Cecilia Mascolo is the mother of a teenage daughter but also a Full Professor of Mobile Systems in the Department of Computer Science and Technology, University of Cambridge, UK. She is director of the Centre for Mobile, Wearable System and Augmented Intelligence. She is also a Fellow of Jesus College Cambridge and the recipient of an ERC Advanced Research Grant. Prior joining Cambridge in 2008, she was a faculty member in the Department of Computer Science at University College London. She holds a PhD from the University of Bologna. Her research interests are in mobile systems and machine learning for mobile health. She has published in a number of top tier conferences and journals in the area and her investigator experience spans projects funded by Research Councils and industry. She has served as steering, organizing and programme committee member of mobile and sensor systems, data science and machine learning conferences. More details at www.cl.cam.ac.uk/users/cm54

Talk Title

Wear-to-compute? Challenges of wearable computing and sensing for health.

Talk Summary

Wearable devices are becoming pervasive in our lives, from smart watches measuring our heart rate to wearables for the ear accompanying us in every virtual meeting. These devices are becoming, in theory, very good proxies for human behaviour.

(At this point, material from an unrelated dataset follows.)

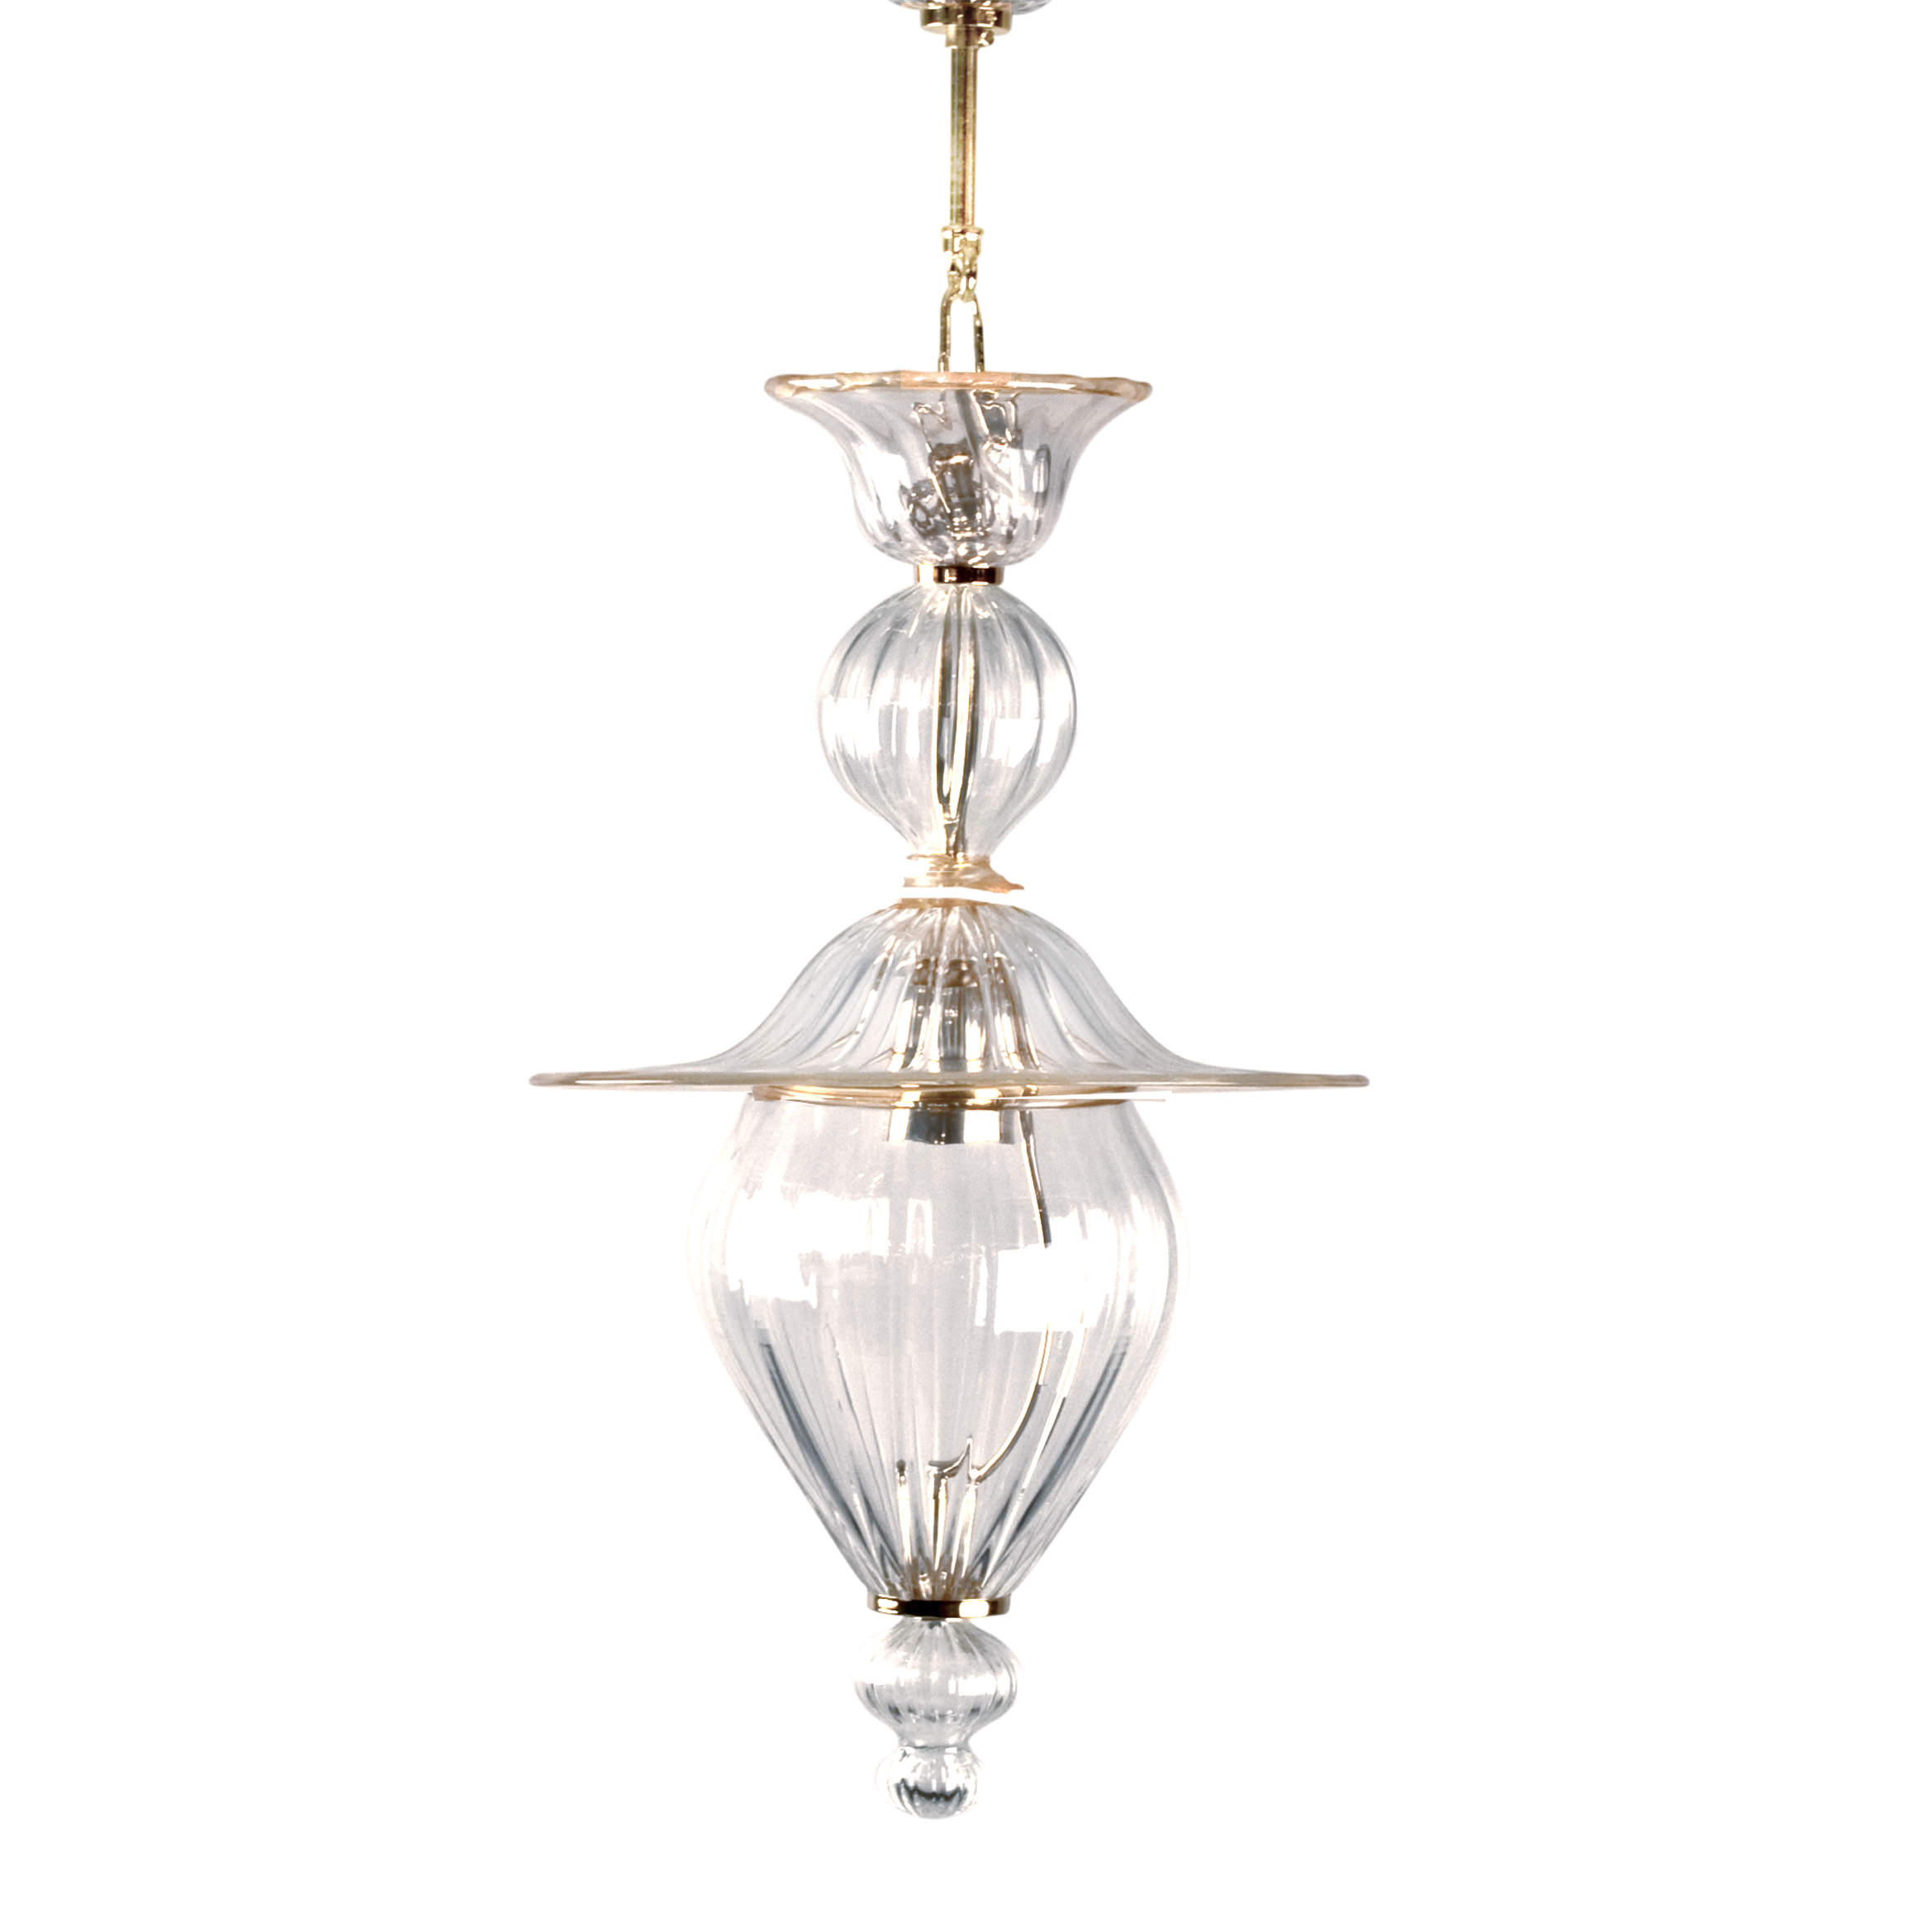 Купить Подвесной светильник Oriente Oval в интернет-магазине roooms.ru

Yet, making the inference from the raw sensor data to individuals’ behaviour remains difficult. In this talk, Cecilia Mascolo will discuss where commercial systems have got to today and highlight the open challenges that these technologies still face before they can be trusted health measurement proxies. Namely, the ability to work in the wild, the sensitivity of the data versus centralisation of computation, the uncertainty of the prediction over the data. Cecilia Mascolo will use examples from her group’s ongoing research around on-device machine learning, “earable” sensing and uncertainty estimation for health application in collaboration with epidemiologists and clinicians.